**AVAILABLE DATA:**

▶

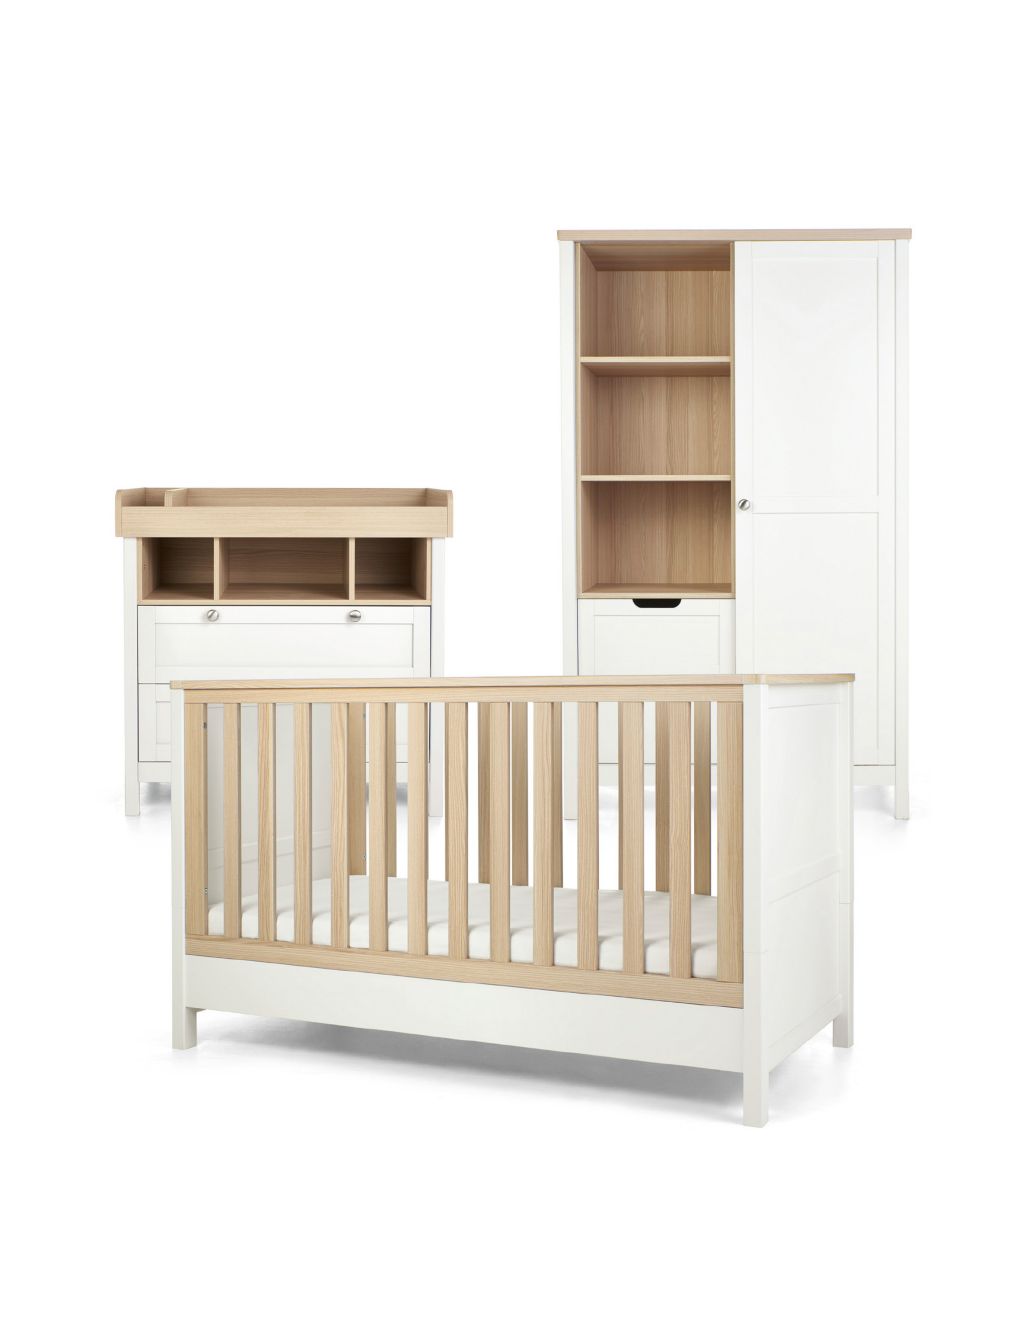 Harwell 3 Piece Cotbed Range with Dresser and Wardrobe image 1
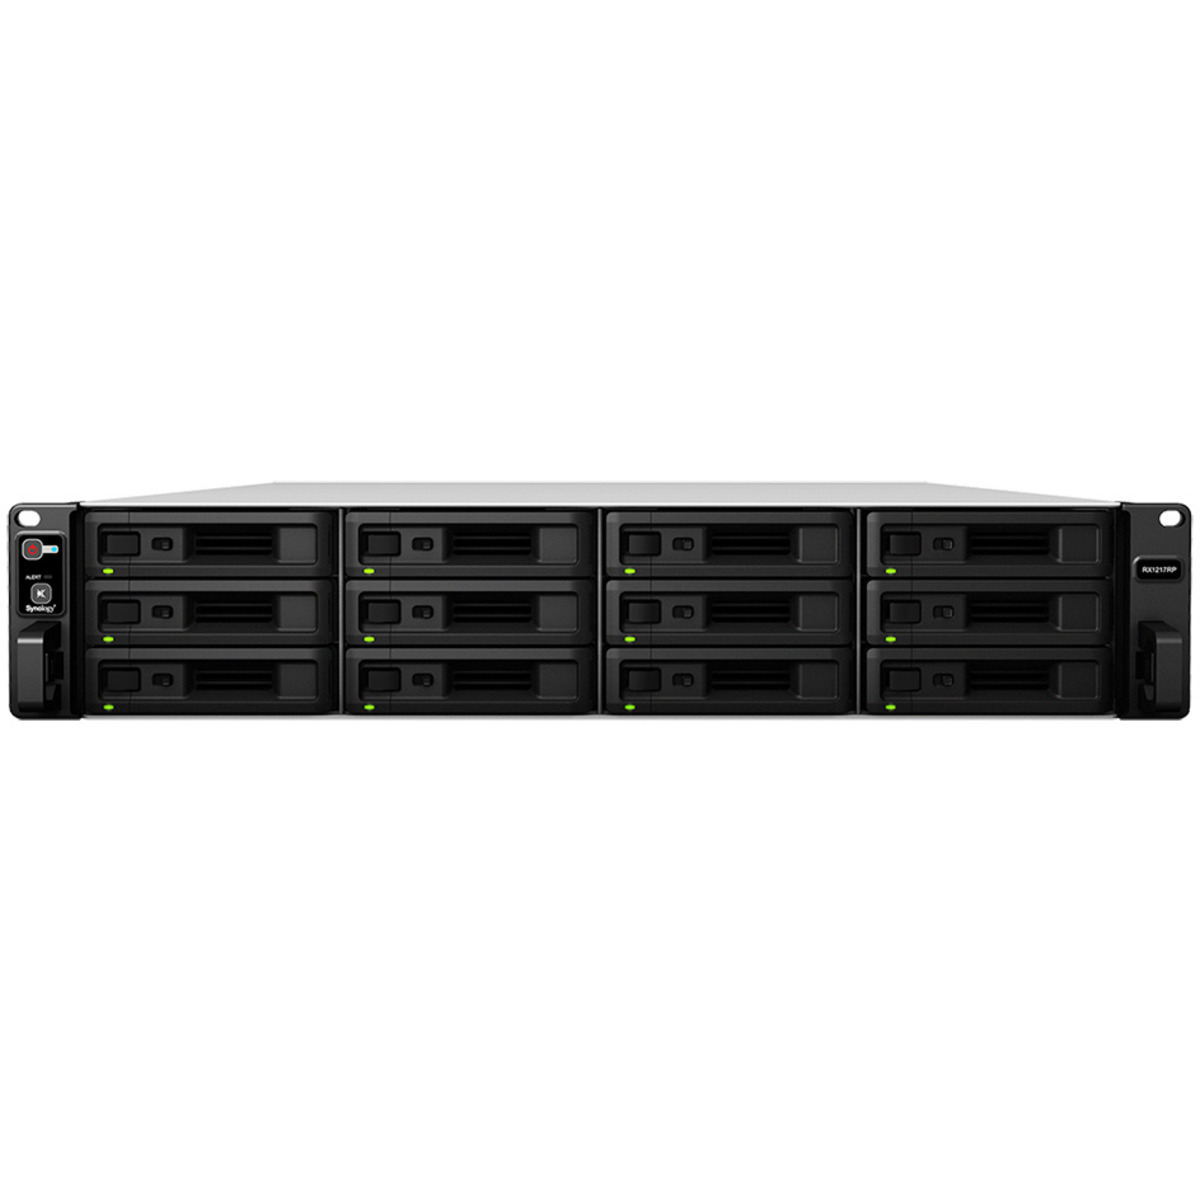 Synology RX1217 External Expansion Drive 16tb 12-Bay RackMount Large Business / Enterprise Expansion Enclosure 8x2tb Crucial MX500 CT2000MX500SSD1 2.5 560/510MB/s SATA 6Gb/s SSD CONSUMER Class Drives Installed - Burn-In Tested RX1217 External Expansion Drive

◀
▶

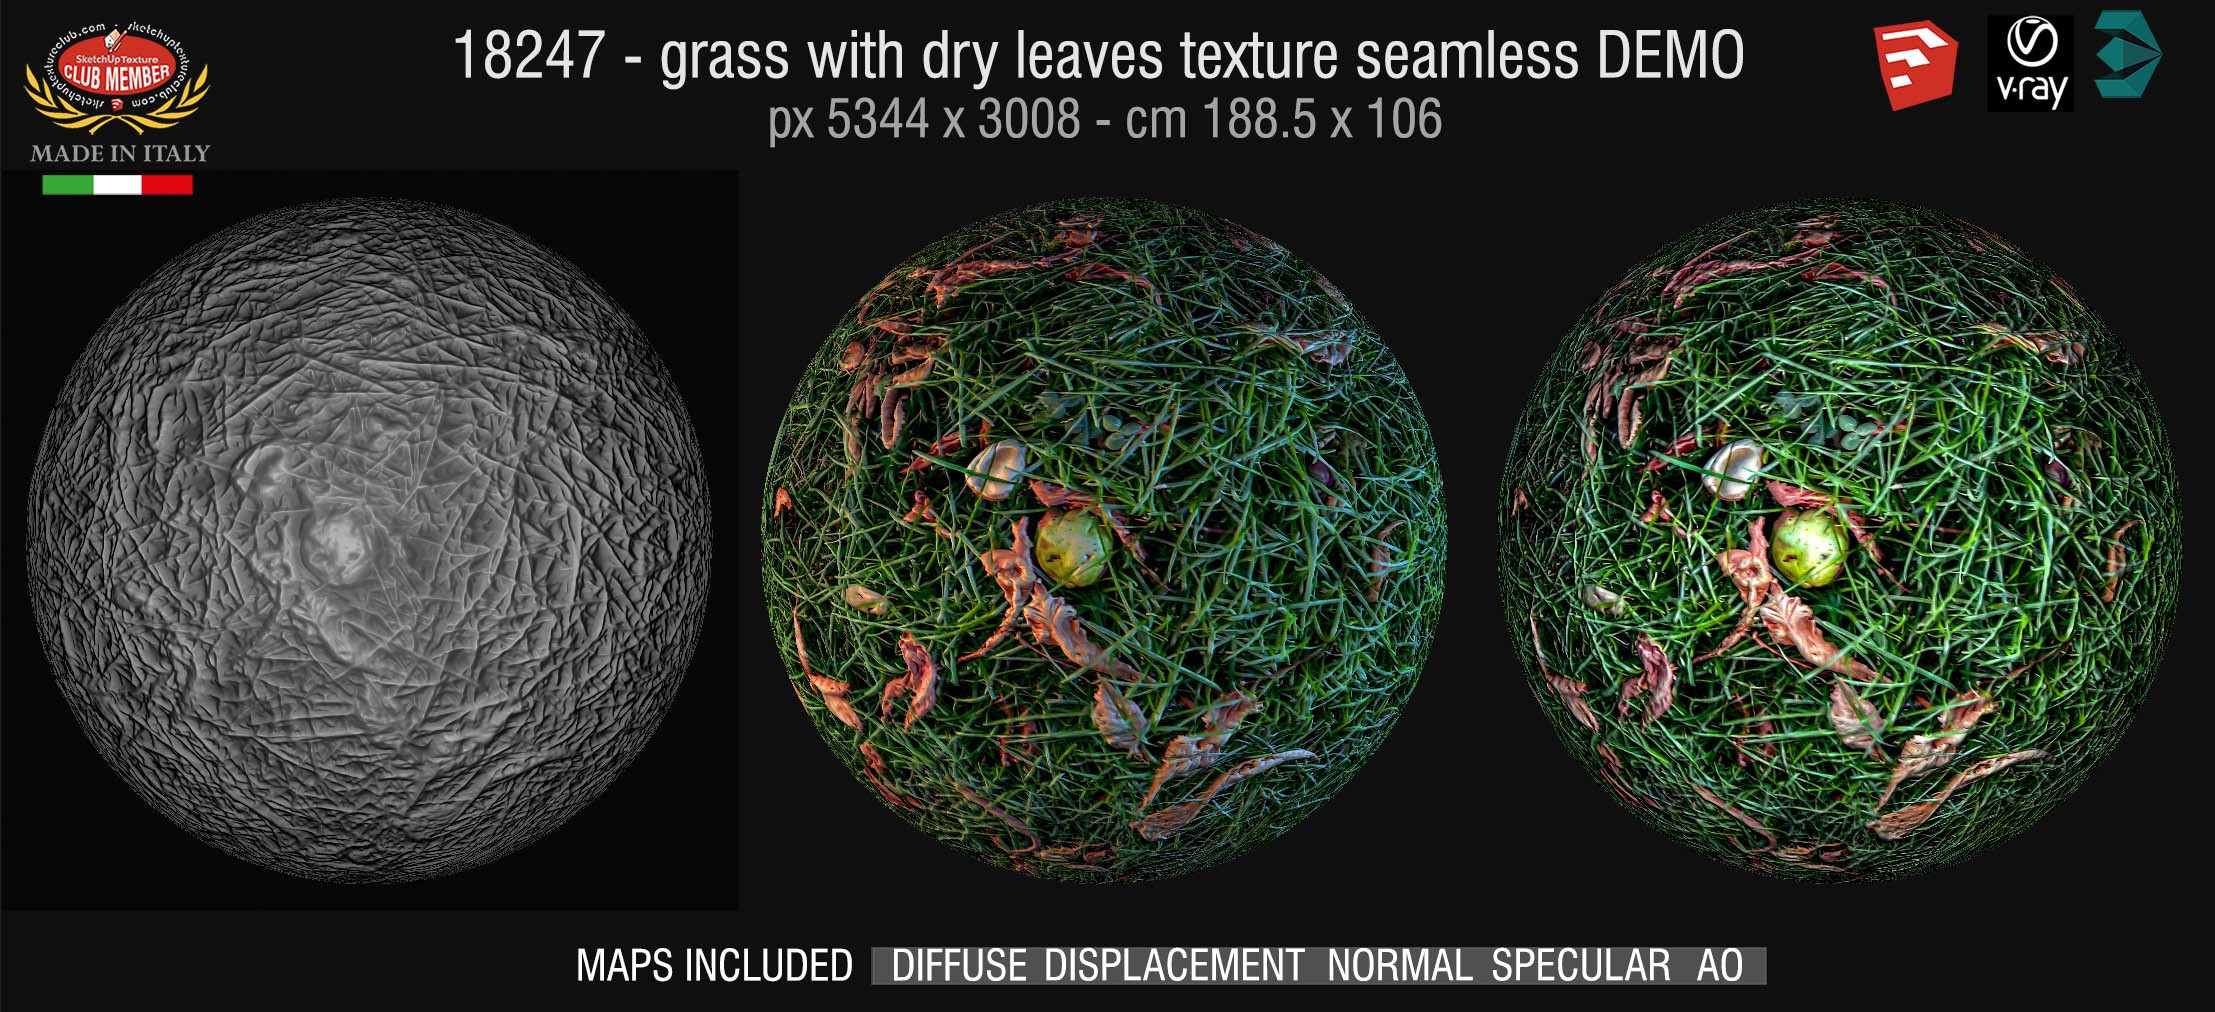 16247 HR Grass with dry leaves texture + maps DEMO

◀

**WHAT IS BEING ASKED:** Go back to the listing above and reproduce, exactly, the stretch from the line bearing "Harwell 3 Piece" through the line bearing "Synology RX1217 External", without its pictures.

**WRITTEN SOLUTION:**
 Harwell 3 Piece Cotbed Range with Dresser and Wardrobe image 1
 Synology RX1217 External Expansion Drive 16tb 12-Bay RackMount Large Business / Enterprise Expansion Enclosure 8x2tb Crucial MX500 CT2000MX500SSD1 2.5 560/510MB/s SATA 6Gb/s SSD CONSUMER Class Drives Installed - Burn-In Tested RX1217 External Expansion Drive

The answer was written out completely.